You will work over 55hr weeks, you will be pinged "after hours" & over the weekend/holiday, you will not be able to utilize the unlimited/flexible PTO that is advertised, and you will be underpaid so seriously think about the above when considering employment here.
To preface, the role has transitioned to a Client Partner title however much of the actual job is the same for those that were brought on as TAMs.
A major issue stems from Client Partner/TAM managing the entirety of the client relationship, juggling onboarding and maintenance clients, while navigating V1, V2, maybe V3 of the platform. These 5 components drastically alter scope for a single client (just from IPA internally, not factoring in partner integrations). What this means, clients will not roll off your radar as there is no handoff from Client Partner/TAM to Customer Success, yet the scope for each client will remain and evolve.

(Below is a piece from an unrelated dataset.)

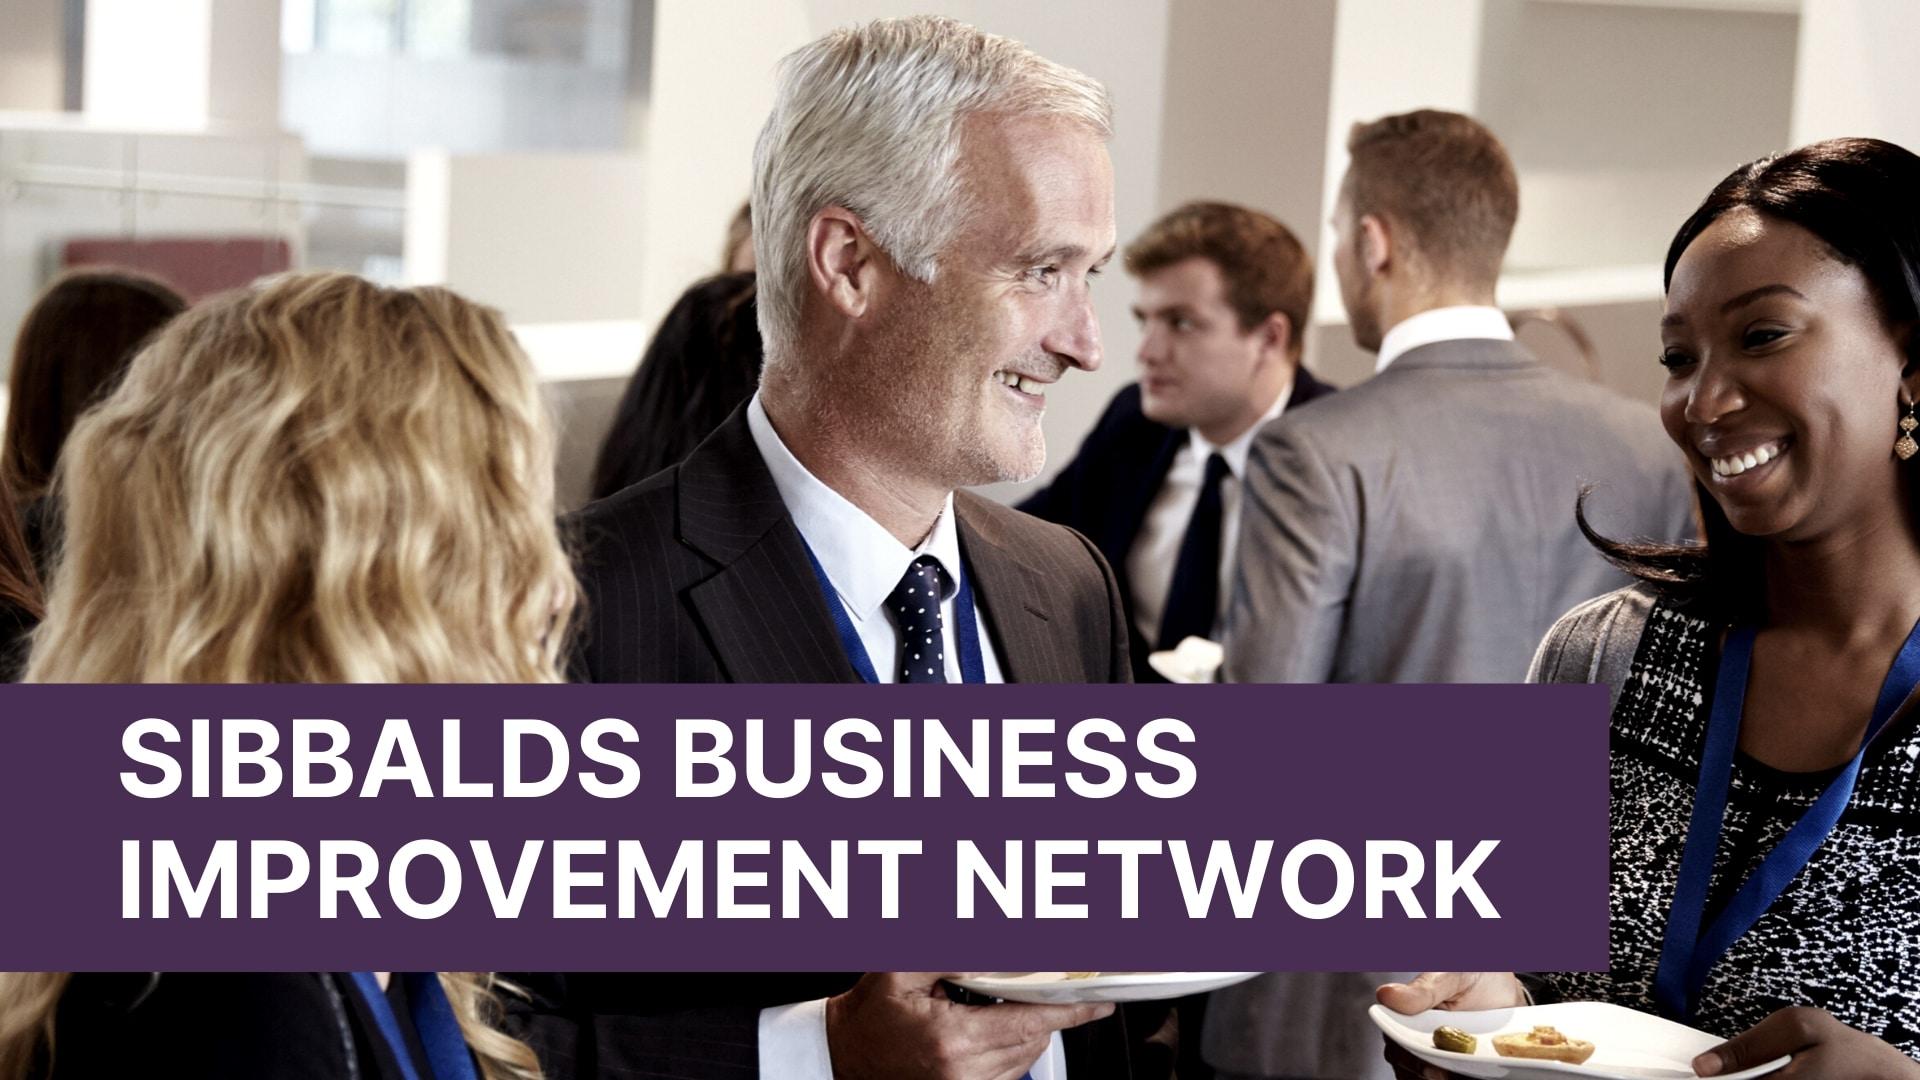 Sibbalds' Business Improvement Network

An important call out here is that Project Managers do not communicate with the client so be prepared to vouch for timeline/deliverable impacting decisions that you have no control over. This is the first role I've ever been in where the PMs do not interact with client/do not directly manage timeline which minimizes any sense of responsibility from their end for the actual delivery of the project.
Another call out is that upper management is highly involved. Due to nature of the agency, clients will go above the Client Partner/TAM and loop in the CEO. In turn, the CEO gets involved, over promises to client, drops the new scope onto the TAM/PM/Dev team, then shifts gears into another department that's in need of attention. This causes deadlines to be missed and another upset client. To management, I would suggest empowering the assigned TAM to handle these situations and aim for a more lassiez-faire approach.
A side note, good absolute luck communicating with the CTO. There is a chance the Head PM can assist in assigning backend support. But if you don't have a backend dev to assist and need to reach out to the CTO, you will utilize every ounce of patience in your being. He does not work well with Client Partners nor PMs nor does he communicate well to Client on client calls. He will speak to you like you're an idiot, he will not use laymans terms to break down BE findings, and he will not give you a solution. He was the most difficult to work with at IPA and those in the MarTech team are very well aware.